Mark Tami: Has the hon. Gentleman seen the comments of the Iron and Steel Trades Confederation, the main union in the steel industry, praising the British Government for their fight against any American protectionist measures? Would it not be better if we concentrated on those issues, the real issues facing the steel industry, instead of this nonsense?

Adam Price: I will come on to the United States, as Mr. Mittal has clearly had a role to play there. I am not an apologist for the management of Corus, which has treated its workers appallingly, not least in the latest pay freeze.

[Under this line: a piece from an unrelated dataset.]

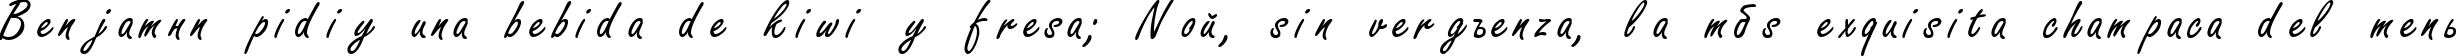 Пример написания шрифтом Freestyle Script Normal текста на испанском

Lembit Öpik (Montgomeryshire): Now that I get a sense of the general thrust of the hon. Gentleman's comments, will he, for my clarification, answer the following question? Has Plaid Cymru, at any stage in its history or, let us say, in the last 10 years, promoted a political point or campaign on behalf of an individual or organisation who has given a donation to Plaid Cymru?

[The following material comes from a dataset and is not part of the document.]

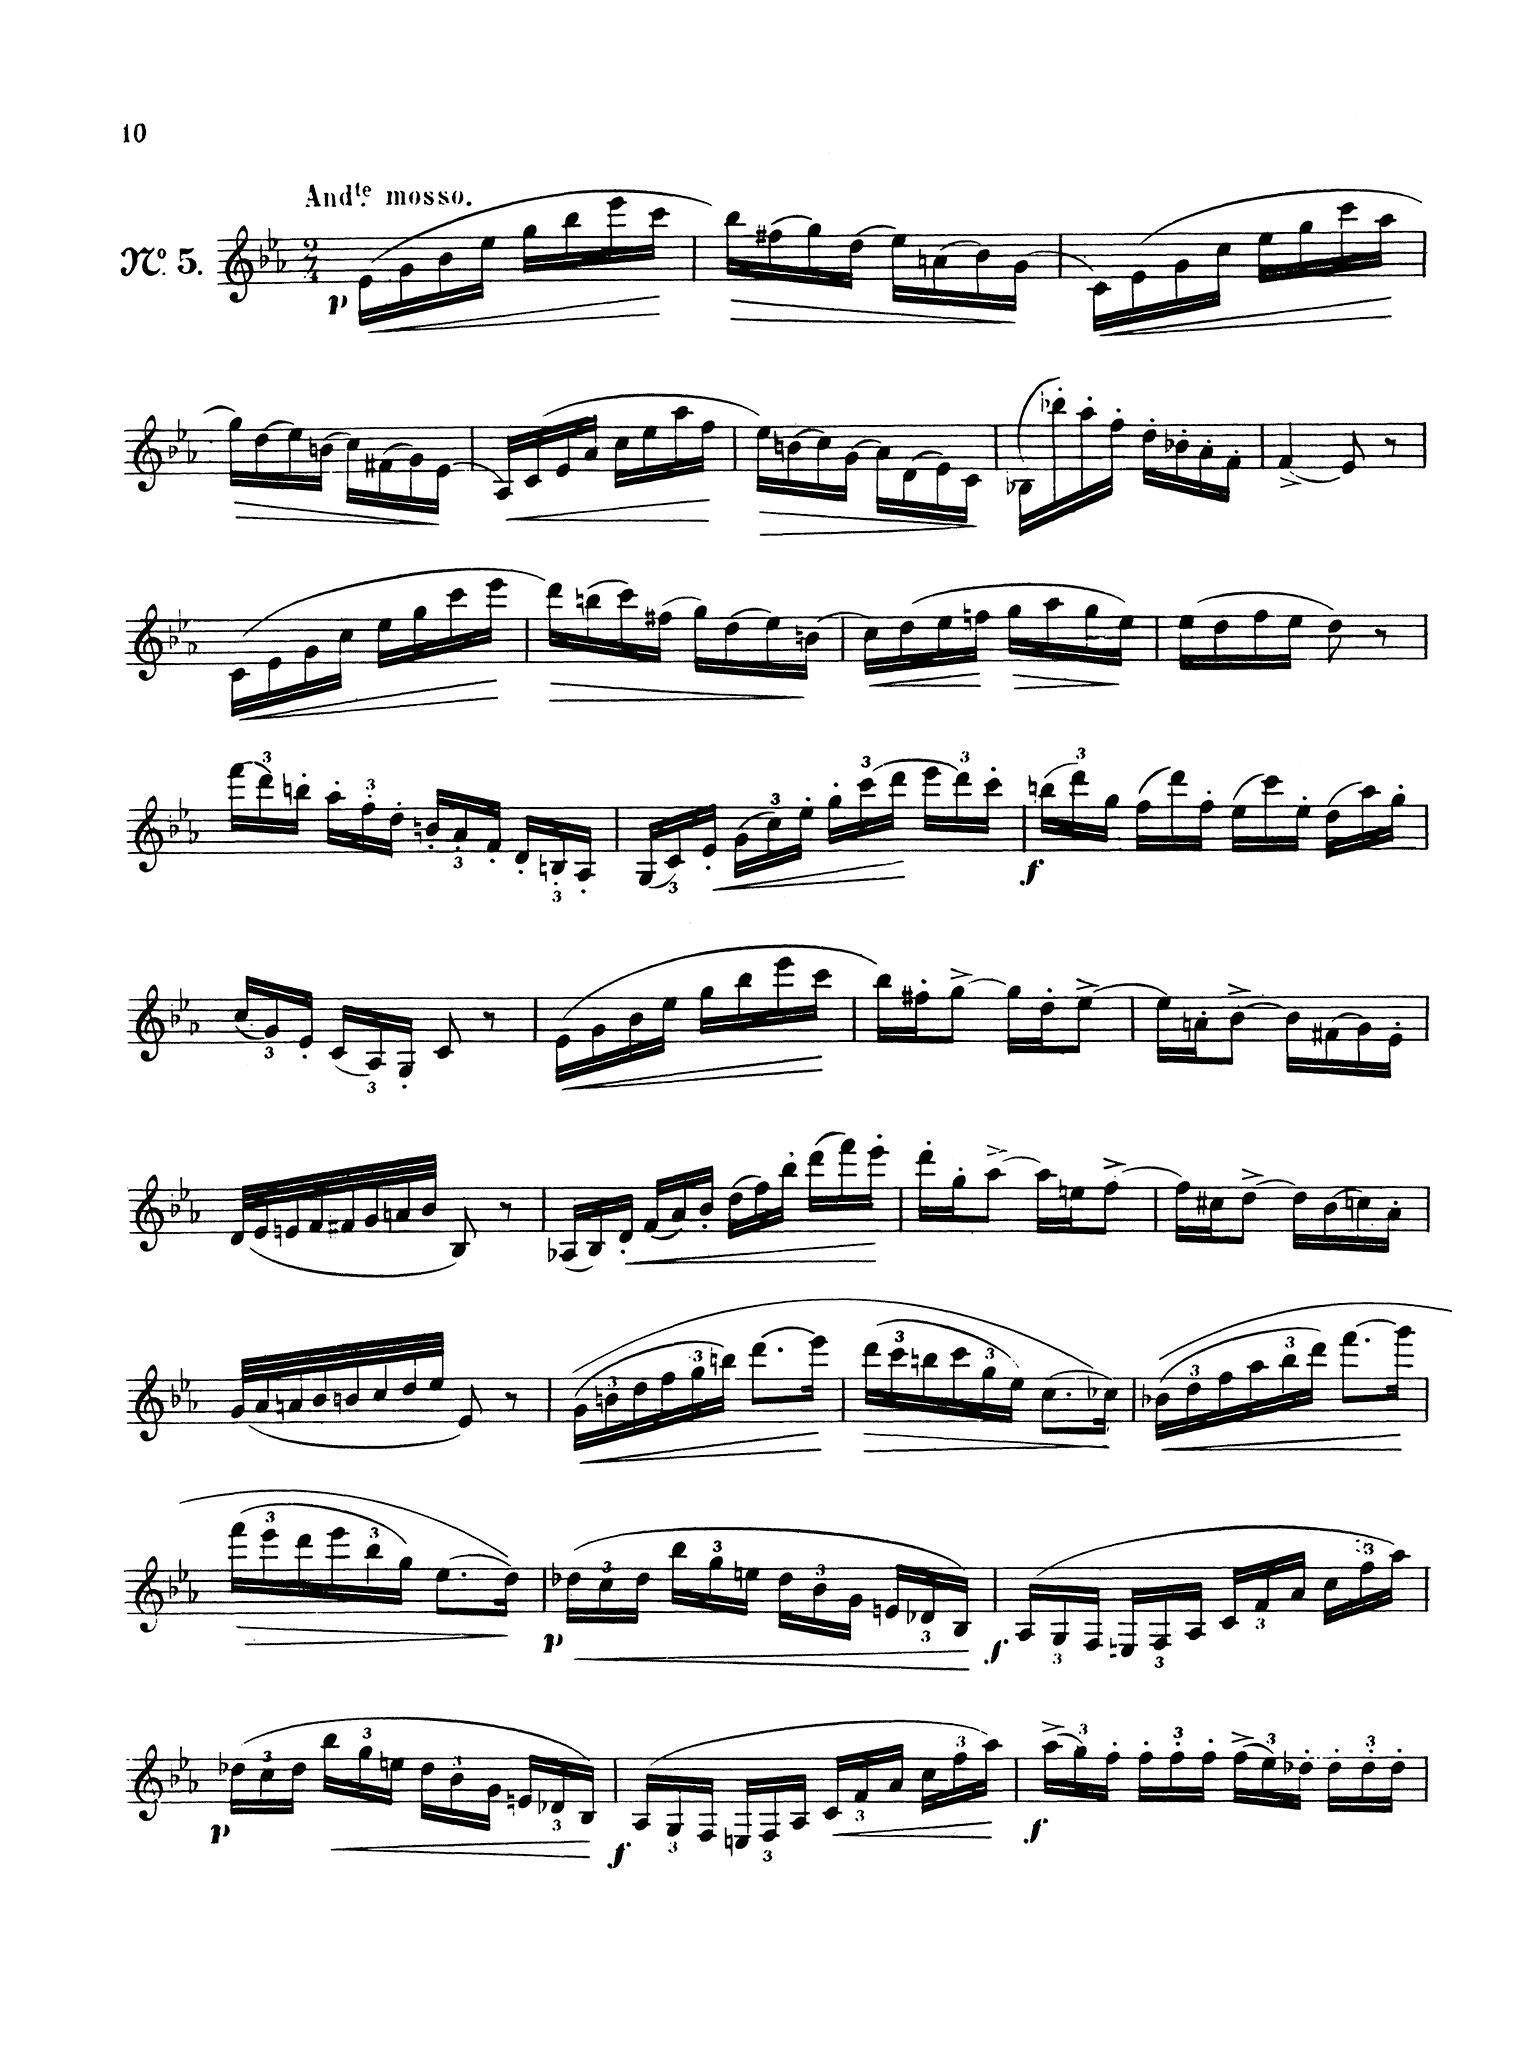 Magnani 10 Studi Capriccio of Great Difficulty for Clarinet No. 5

Adam Price: I am grateful to the hon. Gentleman for his robust opposition to the Government, once again. For a new Member, he is a fine example of an Opposition Member who scrutinises the Executive without fail at every available opportunity.

Lembit Öpik rose

Adam Price: I crave the indulgence of the House; I want to make progress. I have been fairly generous in giving way.

The hon. Member for Alyn and Deeside (Mark Tami) mentioned the United States. Of course, we know that Mr. Mittal has spent $600,000 in the USA lobbying for tariffs on steel imports. Mr. Mittal's closure in Ireland has already cost British steel companies millions of pounds in its knock-on effect on credit availability. Crucially, Mr. Mittal's Sidex plant, funded by the British taxpayer, is a prime example of the problems of the steel industry: an eastern European steel maker is selling steel in western European markets, subsidised in this case by the British taxpayer.

Mr. Nigel Beard (Bexleyheath and Crayford) rose

Adam Price: I should like to make some progress. I hope that the hon. Gentleman catches your eye later in the debate, Mr. Speaker.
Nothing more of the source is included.